NJ: Joe Clark Portrait

Source: Joe McNally / Getty

Joe Clark, the no-nonsense principal of a high school in New Jersey who gained notoriety for his bare-knuckles approach to education and was immortalized on the big screen in the Hollywood production, “Lean on Me,” has died at the age of 82. He died Tuesday following a long battle with an undisclosed illness, Clark’s family said in a press release.

Known for using extreme methods of communication in his prized Eastside High School in Paterson, New Jersey, Clark would routinely roam the hallways brandishing a bullhorn or baseball bat in an effort to both discipline and sow the seeds of learning into his student body — one that went from being ridden with truancy, drugs and crime to a group of straitlaced overachievers in the classroom.

Highly scrutinized at first, Clark’s tactics ultimately gained attention across the country equally for its unique style as well as its effectiveness with a predominately Black student population in a neglected city near his hometown of Newark.

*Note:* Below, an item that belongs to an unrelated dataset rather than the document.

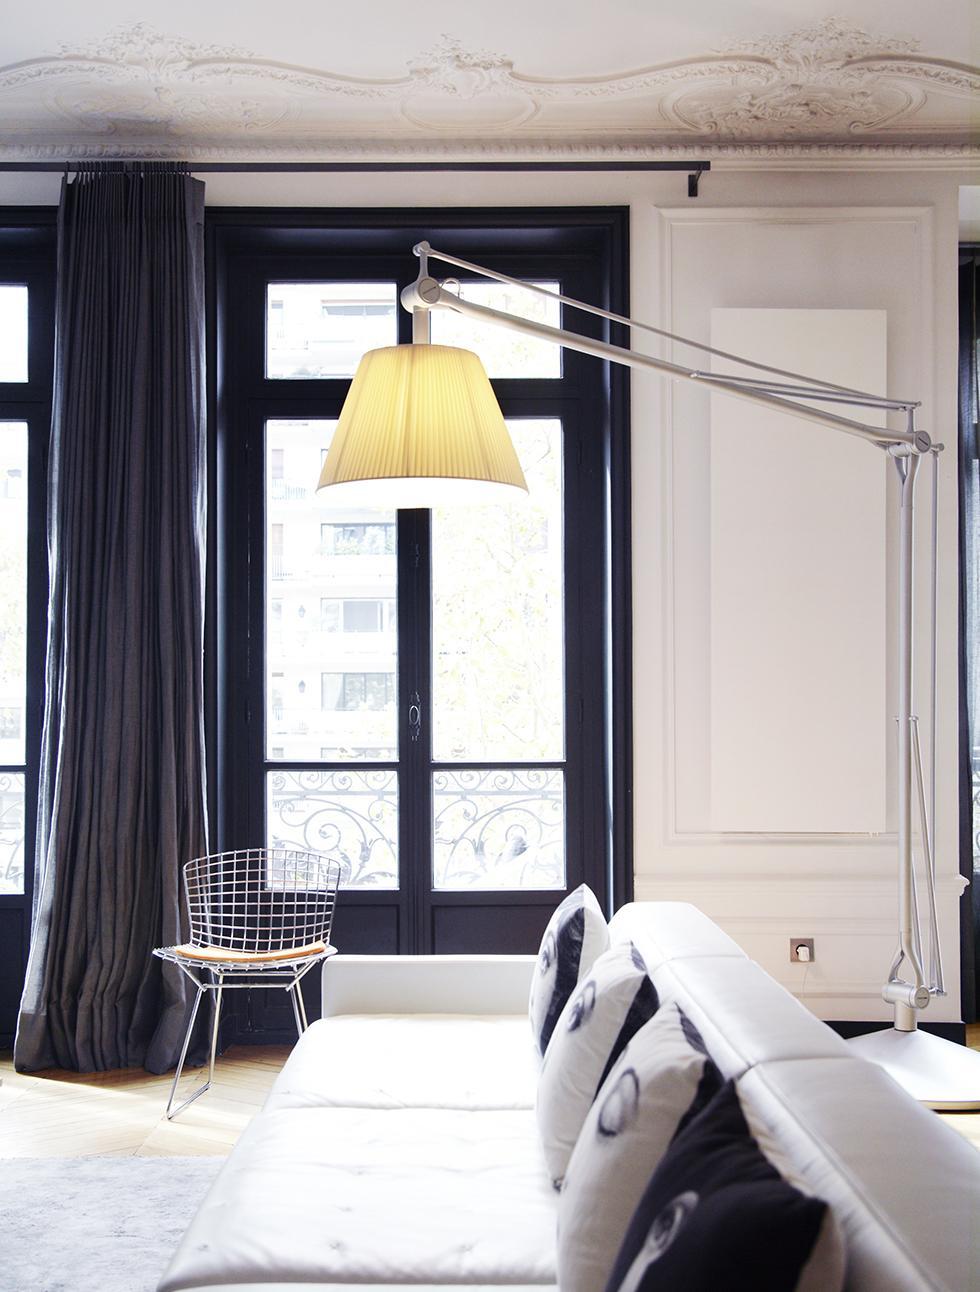 Бюджетный ремонт в однокомнатной квартире монохромный

Eastside High School principal Joe Clark holding bullhorn an

Source: New York Daily News Archive / Getty

While Clark was described as unorthodox, his brand of education administration drew on experience from his first job out of college: A U.S. Army Reserve Sergeant and Drill Instructor. That paved the way for his more than three decades in education, Clark’s family said.

“First serving as a Paterson grade school teacher and the Director of Camps and Playgrounds in Essex County, NJ, Clark soon found his calling in administration as Principal of PS 6 Grammar School,” Clark’s family said in the press release. “Under Clark’s command, the once failing school was transformed into the ‘Miracle of Carroll Street.’”

NJ: Joe Clark Portrait

Source: Joe McNally / Getty

When Clark was appointed to be the principal of Eastside High, he took extreme measures immediately. “In one day, he expelled 300 students for fighting, vandalism, abusing teachers, and drug possession and lifted the expectations of those that remained, continually challenging them to perform better,” the press release said before explaining the significance of Clark’s metaphorical use of a baseball bat: “a student could either strike out or hit a home run.”

The success at Eastside got the attention of Hollywood producers, who cast the venerable Morgan Freeman to portray Clark in the 1989 film, “Lean on Me,” which introduced movie-goers to the New Jersey school and its fearless principal.

Born in Rochelle, Georgia, on May 8, 1938, Clark moved to Newark when he was six years old and lived in New Jersey until he retired in 1989.

Clark is survived by his three children, Olympian and businesswoman Joetta Clark Diggs; Olympic Athlete and Director of Sports Business Development for the Bermuda Tourism Authority Hazel Clark; and athlete and Director of Track and Field and Cross Country at Stanford University Joe (J.J.) Clark, Jr.; as well as three grandchildren, Talitha, Jorell, and Hazel.

May he rest in the same power he enjoyed in life.